Maggie Haberman of the New York Times and Oliver Darcy of CNN raced each other to present Bolton as someone who “felt uncomfortable defending” the administration on various issues, from tariffs to – of course – Russia.
“Putin ordered Trump to fire Bolton. Tune in tonight for our all-star FBI/CIA panel!” journalist Glenn Greenwald tweeted mockingly, alluding to CNN and MSNBC having hired a number of Obama administration spy officials.
To hear the senior Democrats on the Senate Foreign Relations Committee say it, Bolton was a valuable counterweight to Trump. Sen. Bob Menendez (D-New Jersey) argued that Trump only appreciated “yes-men” and that Bolton at least “presented counterviews at times.” He would not explain how Bolton stayed in his post for nearly 18 months.
“Mr. Bolton and I didn't agree on a lot of issues. But he was a straight shooter. He knows the circumstances. I'm sure he told the president what was going on. The president may not have liked to hear it. And it's unfortunate if the president won't accept professional advice,” said Sen. Ben Cardin (D-Maryland).
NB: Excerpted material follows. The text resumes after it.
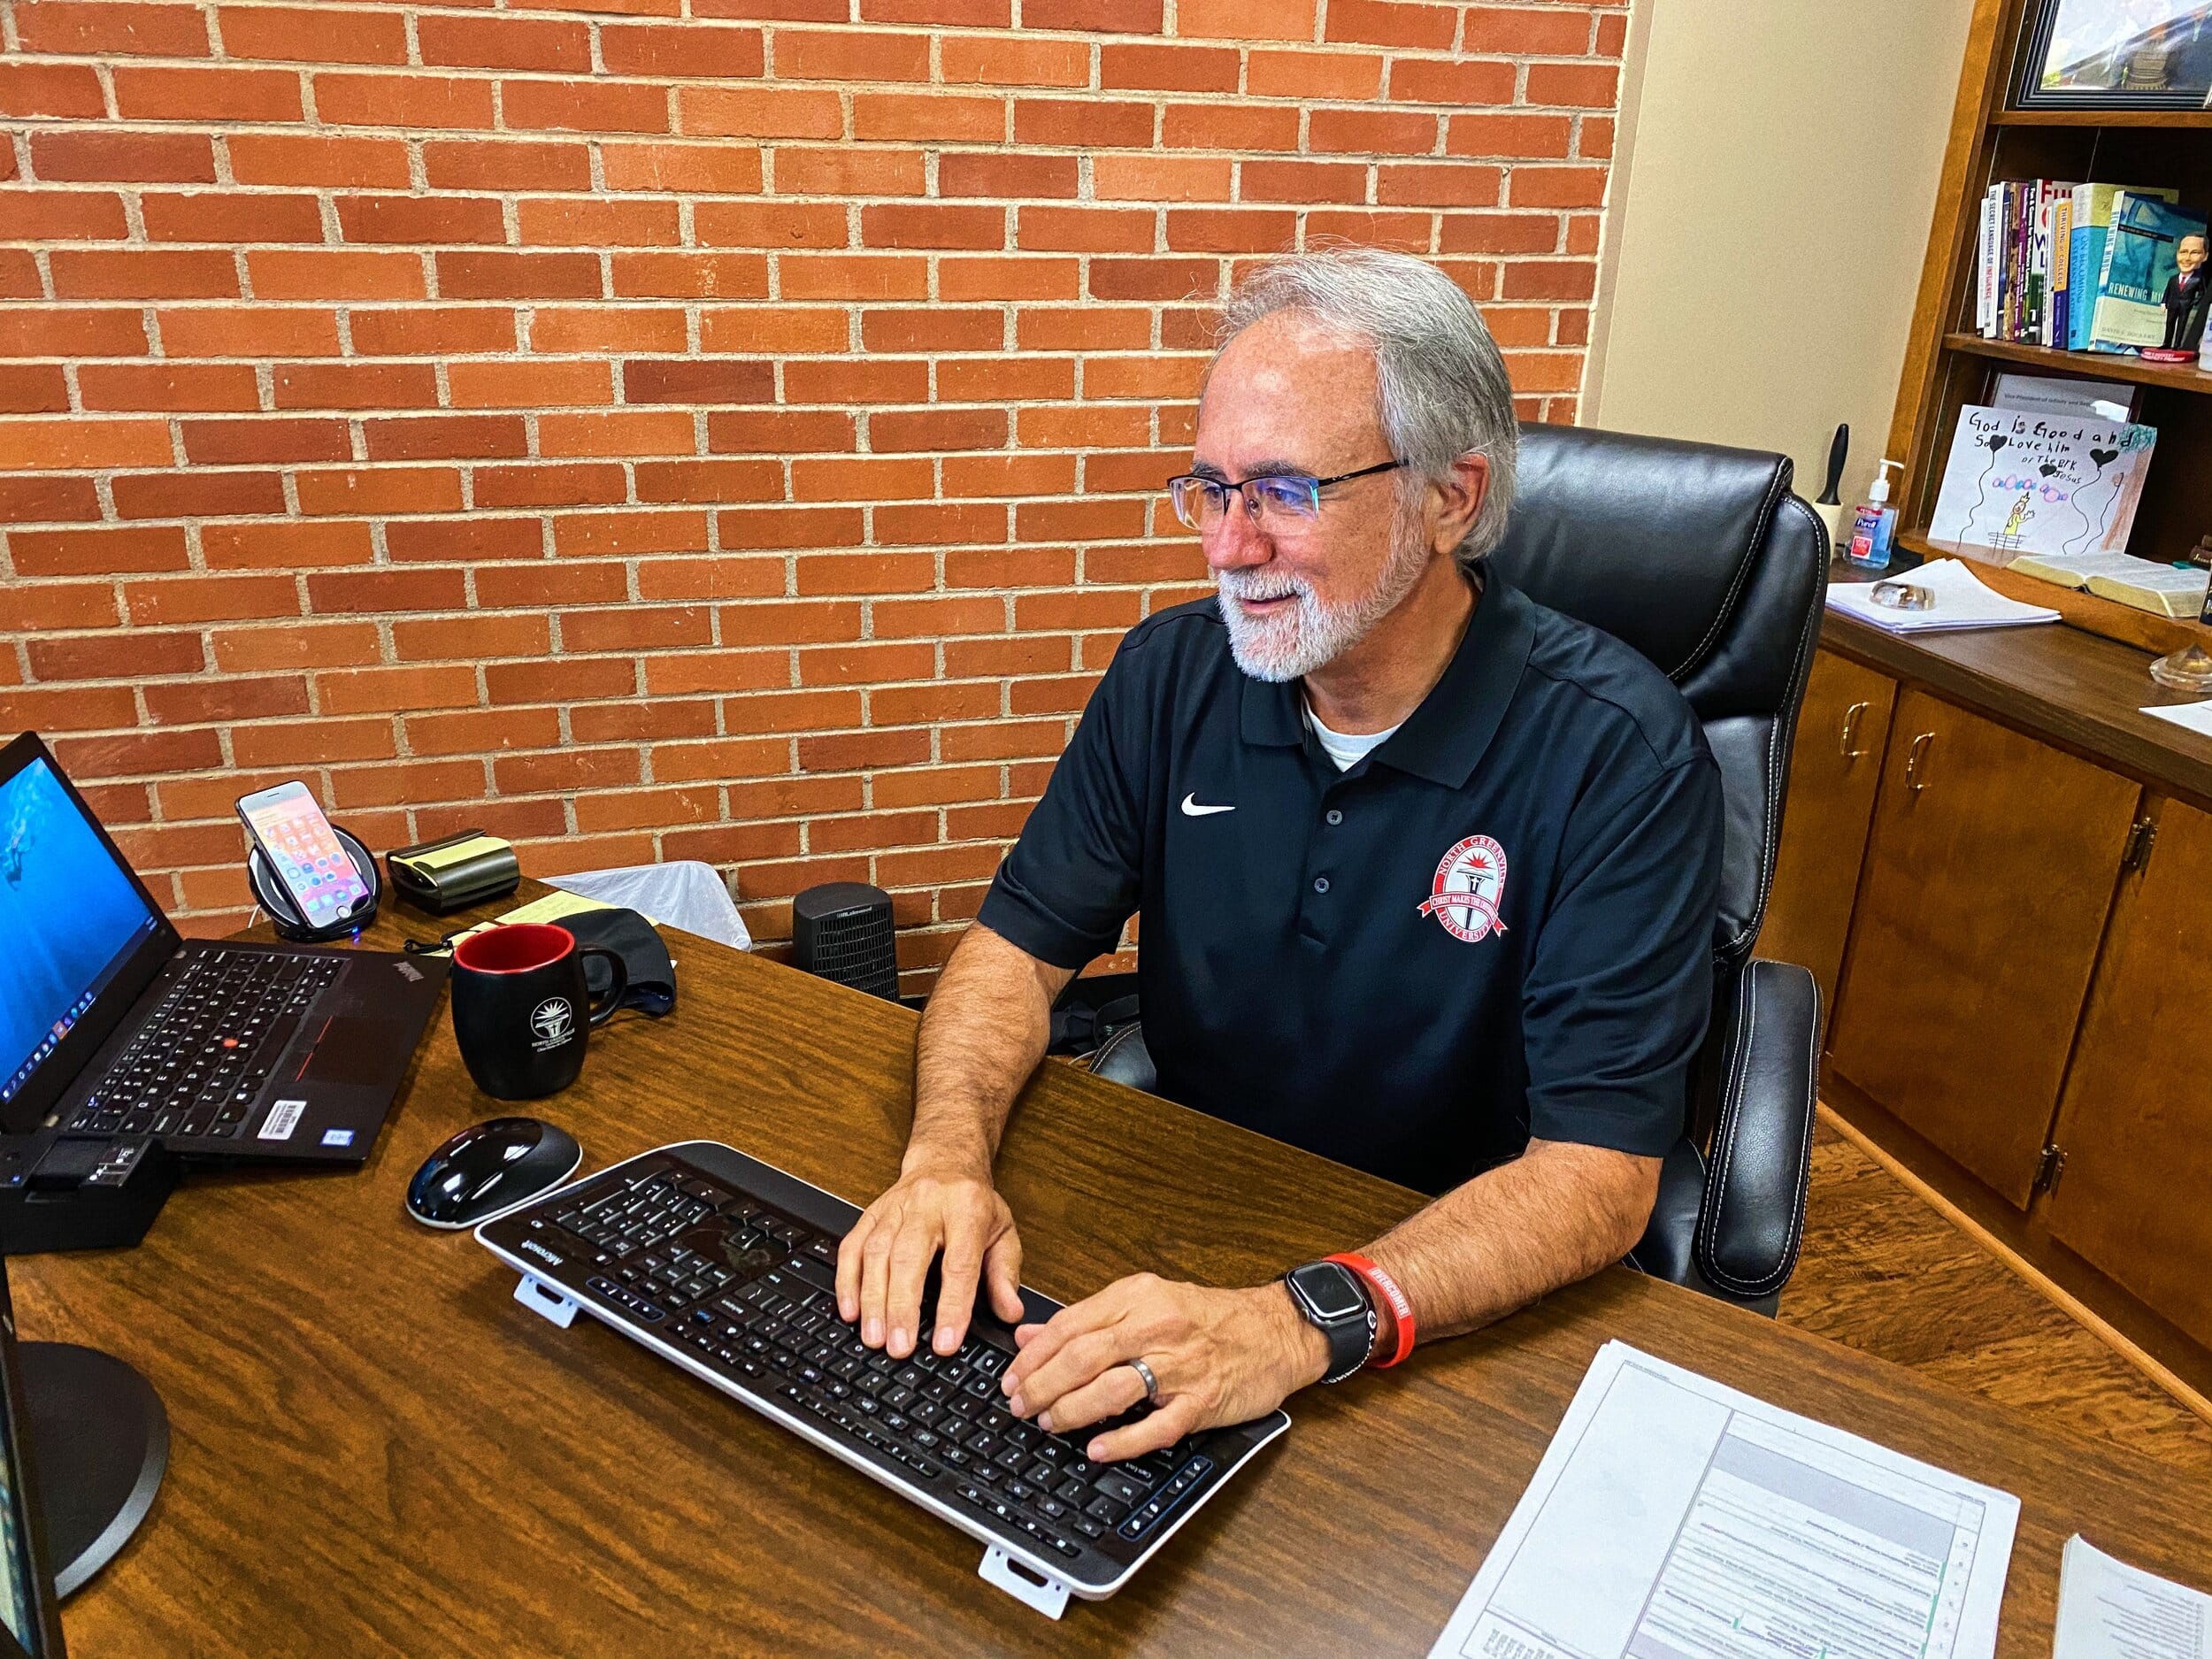 NGU Executive Vice President Rich Grimm was named chair of the COVID-19 response team back in February and has been instrumental in keeping cases on campus to a minimum.

Senate Minority Leader Chuck Schumer (D-New York) used the opportunity to denounce Trump for “government-by-chaos approach and his rudderless national security policy,” alleging that Bolton’s “extreme views” weren’t enough for the president.
House Speaker Nancy Pelosi took the same approach, saying Bolton’s sudden departure “is a symbol of the disarray that has unnerved our allies since day one of the Trump Administration.”
Disagreeing with the party leadership once more, Rep. Ilhan Omar (D-Minnesota) called Bolton’s firing “good riddance,” describing him as “one of the leading proponents of making the world a more dangerous place.”
Meanwhile, Senator Ted Cruz (R-Texas) praised Bolton as a friend who provided “wise counsel to multiple administrations,” and expressed hope that his departure does not mean Trump will not “go soft on Iran.”
Asked who would speak to US allies from the White House, Senator Lindsey Graham (R-South Carolina) – also a Bolton fan – simply quipped, “Probably Trump.”
That point was also made by Secretary of State Mike Pompeo, who told reporters at the White House on Tuesday afternoon that executive branch employees may come and go, but it’s Trump himself who sets policies.